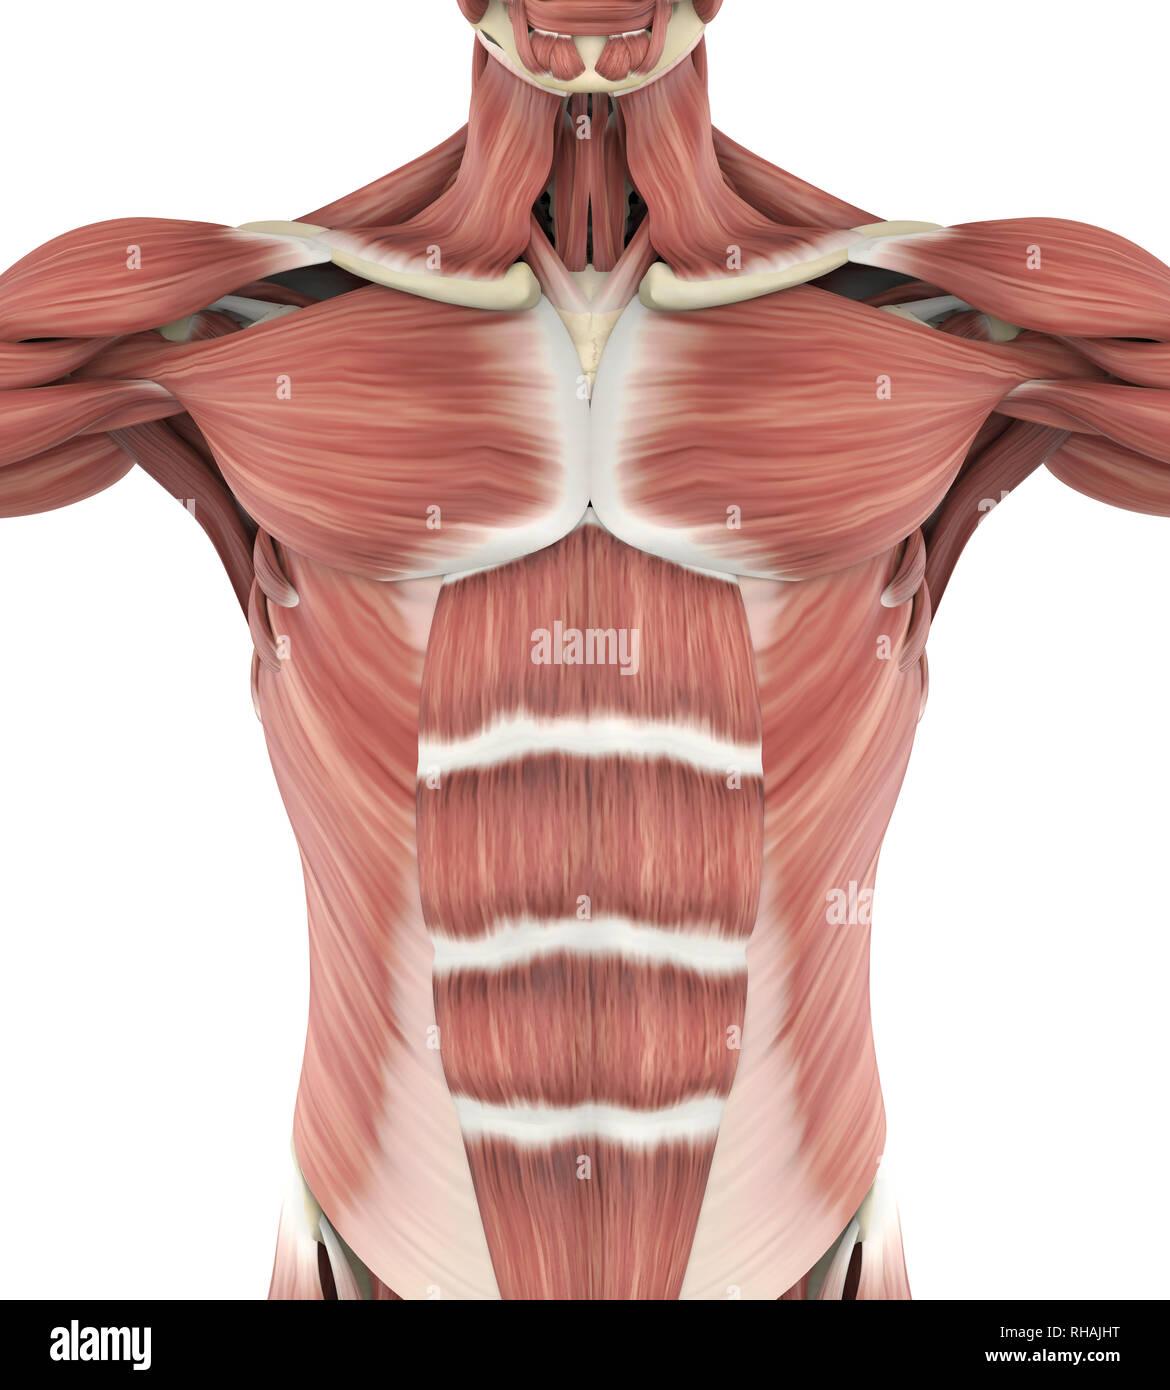 upper anterior muscles anatomy - stock image
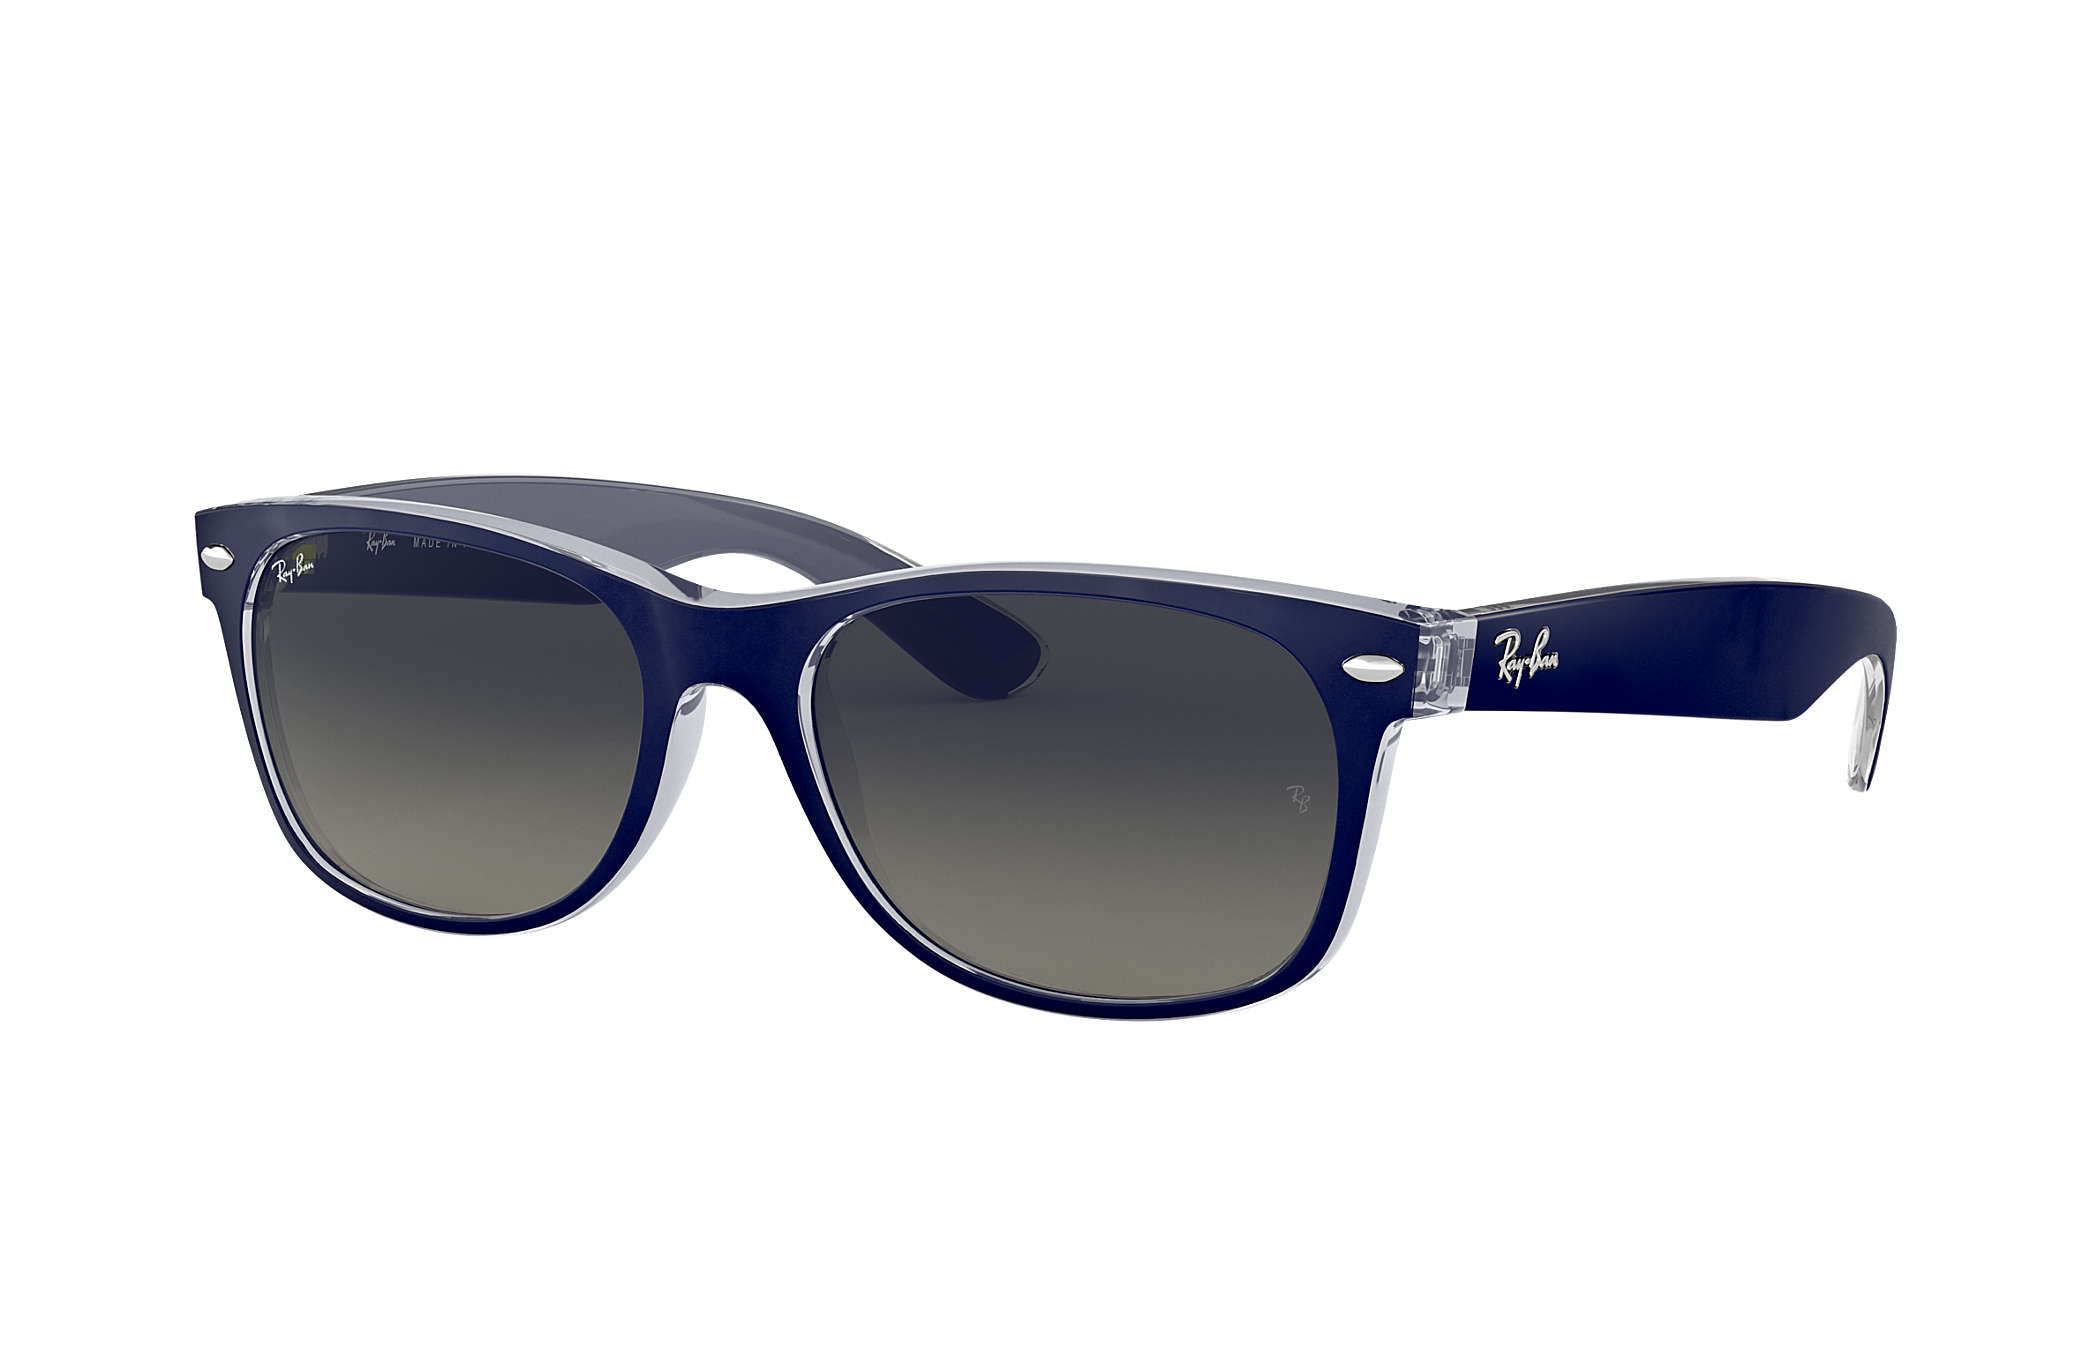 Ray-Ban New Wayfarer Color Mix RB2132 Azul - Nylon - Lentes Cinzento ... c55738ee48
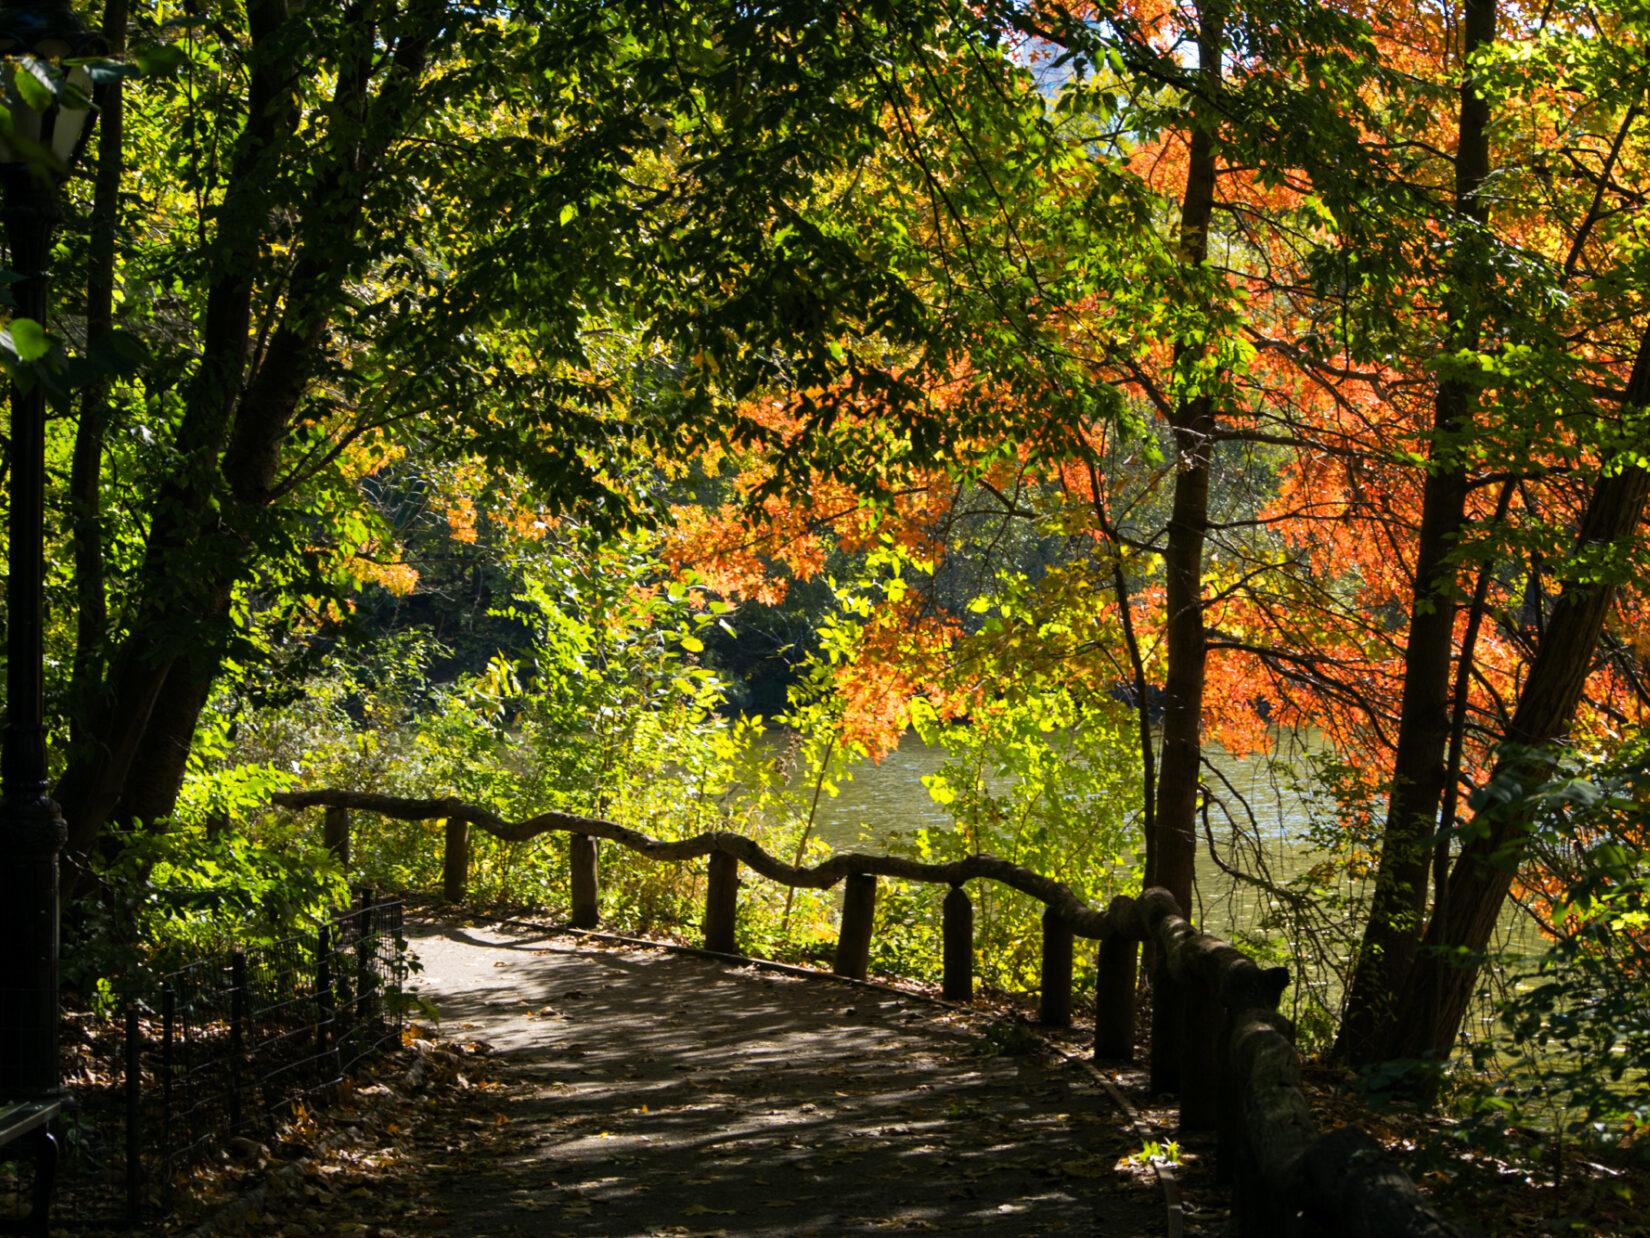 A path through the Ramble

================

Quote the preceding listing precisely and completely, omitting its images.

 upper anterior muscles anatomy - stock image
 Ray-Ban New Wayfarer Color Mix RB2132 Azul - Nylon - Lentes Cinzento ... c55738ee48
 A path through the Ramble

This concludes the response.